Emre Alkin
Ekonomi Yönetimine Güzelleme Yapan Bazı Meslektaşlara…
Değerli Meslektaşlarım. Uzun zamandır izliyorum sizleri. Meseleyi “ekonomi yönetimi çok iyi ama siyaset çok kötü” kıvamına getirmeye çalışıyorsunuz. Bunların sebebini anlayabiliyorum ama hak vermiyorum. Bu davranış tarzının sebeplerini şöyle okuyorum:
- Bir zamanlar oralarda görev aldığı için kuruma olan saygısından dolayı eleştiriyi tam olarak yapamayan var. Dolayısıyla eleştirdikten sonra mutlaka alkışlayacak bir sebep arıyorlar ki, dengeli olsun.
- Ekonomi Yönetiminin toplantılarına davet edilmeme çekincesiyle “ne şiş yansın ne de kebap” tarzında analiz yapanlar var. Oralara davet edilmezler ise “downgrade” olacaklarını düşünüyorlar.
- Sosyal hayatta ara sıra beraber oldukları, aynı yerde çalıştıkları, kahve içtikleri veya spor yaptıkları kişiler şimdi ekonomi yönetiminde yer aldığı için “benimle görüşüyorsa doğru insandır” diye düşünenler var. Bir de herkesten önce öğrenmek için de şirin gözükmeye çalışanlar var.
- Merkez Bankası’nın ezelden beri canını yaktığı sanayici ve ihracatçıya sürekli diş bileyenler var.
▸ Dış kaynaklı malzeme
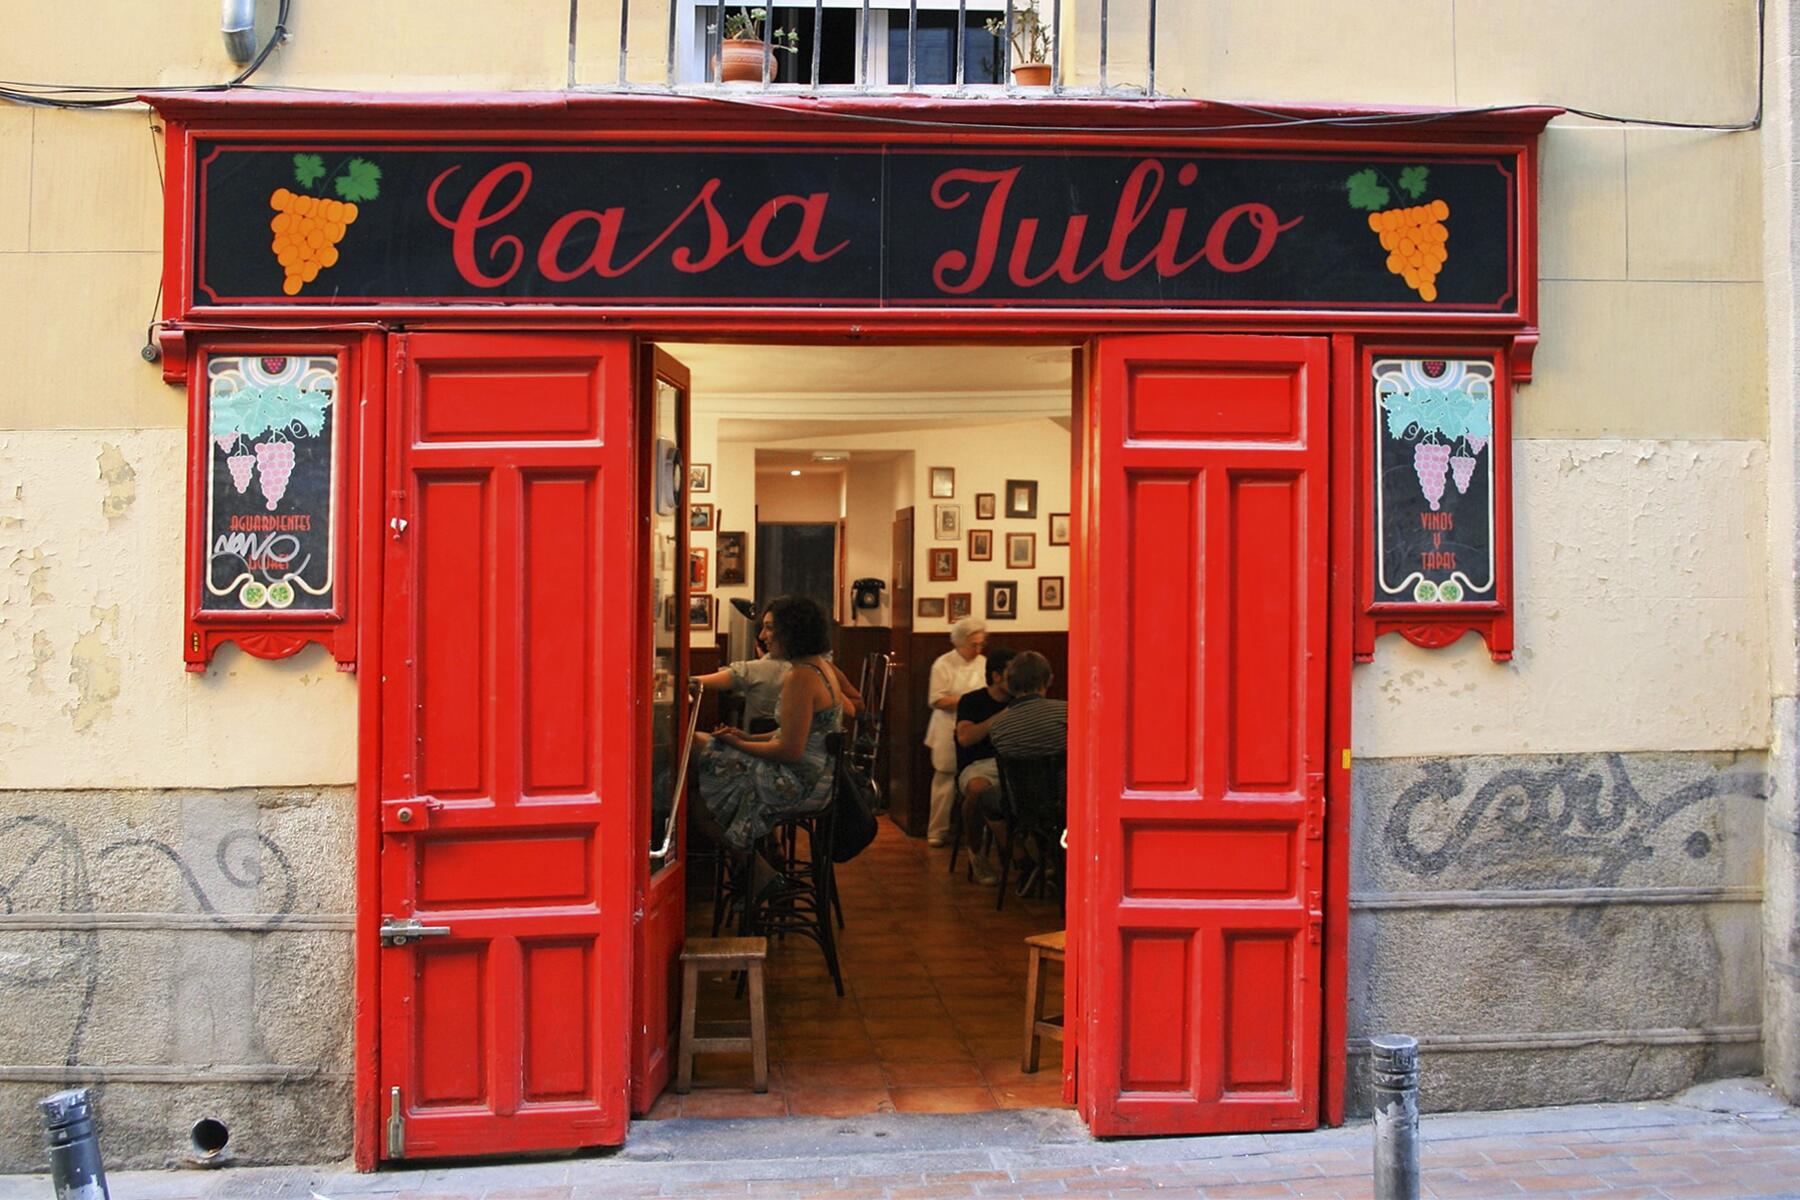 <a href='https://www.fodors.com/world/europe/spain/madrid/experiences/news/photos/best-tapas-restaurants-in-madrid#'>From &quot;The 15 Best Tapas Restaurants in Madrid: Casa Julio&quot;</a>

Dolayısıyla “benim sevmediğimi sevmeyen var ise ben onu severim” diyorlar. Trump’ı destekleyen seçmen kitlesi gibi davranıyorlar. Namusuyla para kazananlara “çok kazandılar ama” diye konuşan, bu şekilde konuşan herkesi seven insanlar bunlar.
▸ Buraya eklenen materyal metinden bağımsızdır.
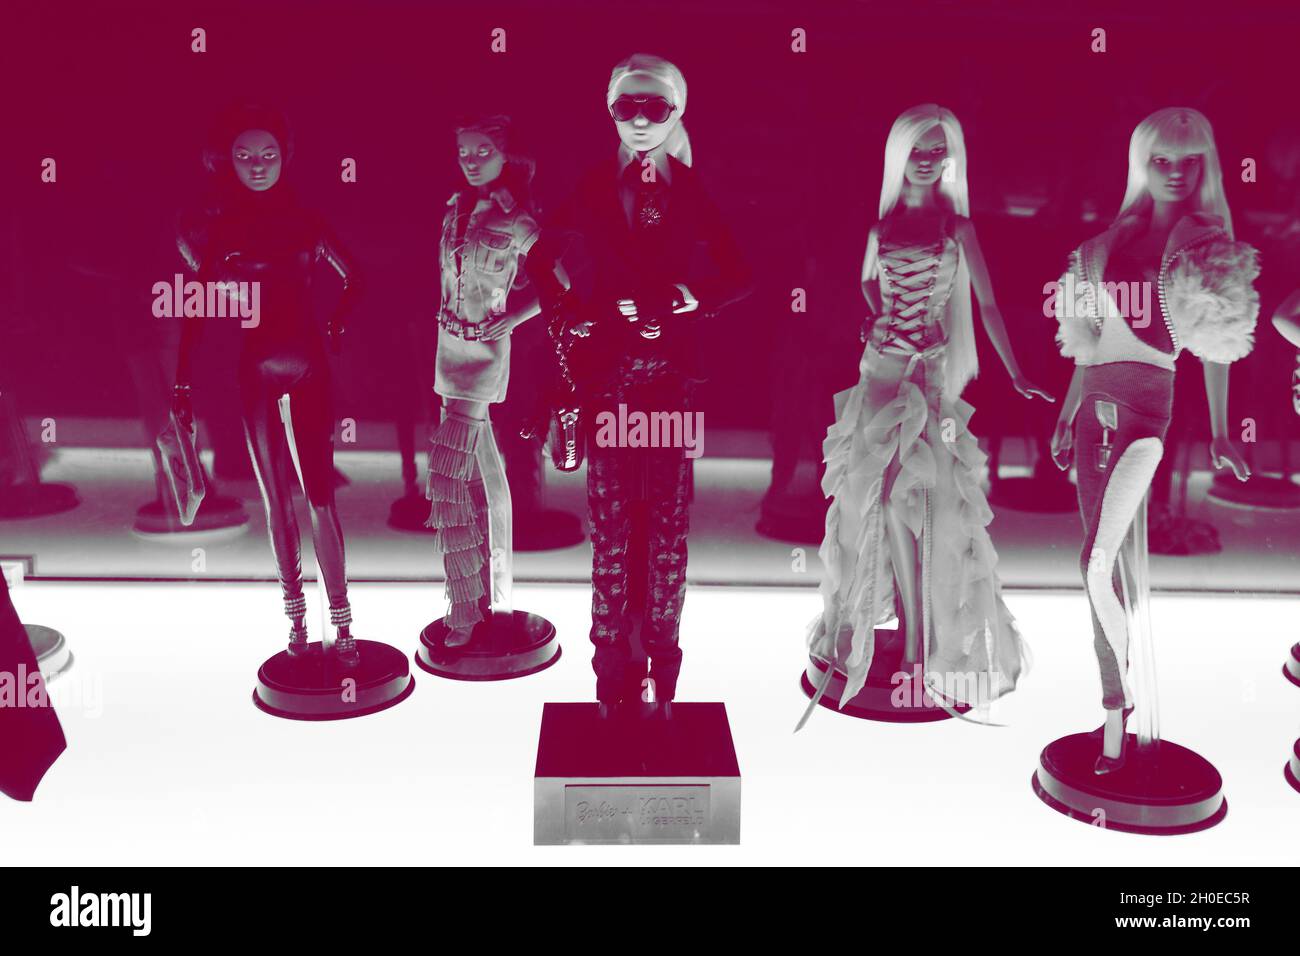 Karl Lagerfeld Barbie, Barbie The Icon exposition at Mudec museum in Milan, Italy Stock Photo

- Tarafı belli olmayan ama sabit fikirliler var. Kim onların fikrini teyit eden bir iş yaparsa desteği eksik etmiyorlar.
- Yüksek Faiz ve Kontrol Altındaki Kur politikasından servet yapanlar veya servet yapanlara hizmet eden meslektaşlar var. Elbette “hep destek tam destek” diyorlar.
- Bir önceki ekonomi yönetimi geri gelir korkusuyla bodoslama destek verenler var. “Korku aklın katilidir” demişler.
Şimdi geldiğimiz noktayı izah edeyim. En başından beri ekonomi yönetimi, yukarıda bahsettiğim sebepler ve daha başka sebeplerden hareketle temelsiz bir şekilde kendisini destekleyenlerin tuzağına düşmüş gözüküyor. Meslektaş olmayanları bu değerlendirmenin dışında tutuyorum. Herkes kendi menfaatini ya da düşüncesine göre konuşabilir.
Şimdi de en önemli meseleye açıklık getirelim. Yüksek faiz-baskılanan kur projesinin ne kadar riskli olduğunu anladığımıza göre, Merkez Bankasının döviz kurunu tutmak için değil, başına geleceklerden korunmak için seviyeye bakmadan rezerv yaptığını da kavramış olmamız lazım. “Geçişgenlik” meselesinin altını çizen Merkez Bankası dövizin düşmesinden rahatsız olmazdı zaten. İhracatçıyı düşünse gelirinin önce % 40’ını şimdi de % 30 ‘una el koyup rezerve atmazdı. Bunu kavrayamamak için ya çıkarcı olmak ya da sadece finans bilip ekonomiden anlamamak lazım.
Belki de her ikisi. Özetle, Ekonomi Yönetiminin carry trade projesinin son derece riskli olduğunu, büyük maliyetlerle ve meşakkatle toplanan rezervin bir anda eriyebileceğini anladıysa bazıları (ki sosyal medyadaki cevaplara bakınca anlamadıklarını gördüm), içi boş güzellemeler yapmayı bıraksınlar.
Gelinen noktada öve öve bitirilmeyen Ekonomi Yönetimi, piyasadan kaynaklanmayan, uyguladığı reçetenin yarattığı kırılganlıktan ve siyasi gelişmelerden kaynaklanan dalgalanmayı bastırmak için on milyarlarca dolar sattı. “Ekonomi yönetimi çok iyi, siyaset çok kötü” demeden önce, siyasetin emrinde hareket eden bir ekonomi yönetimi olduğunu bir zahmet kavramak gerekiyor.
Tekrar ediyorum, Merkez Bankası döviz düşmesin diye çabalamadı. Mecburen rezerv yaptı. Korktuğu da başına geldi. Yüksek maliyetli hazırlığını “dolar yükselmiyor” dedirtmek için tereddüt etmeden harcadı.
Teknik bilgi bazen oyunu çözmeye yetmiyor demek ki. Niyet okumayın lütfen, oyunu okuyun.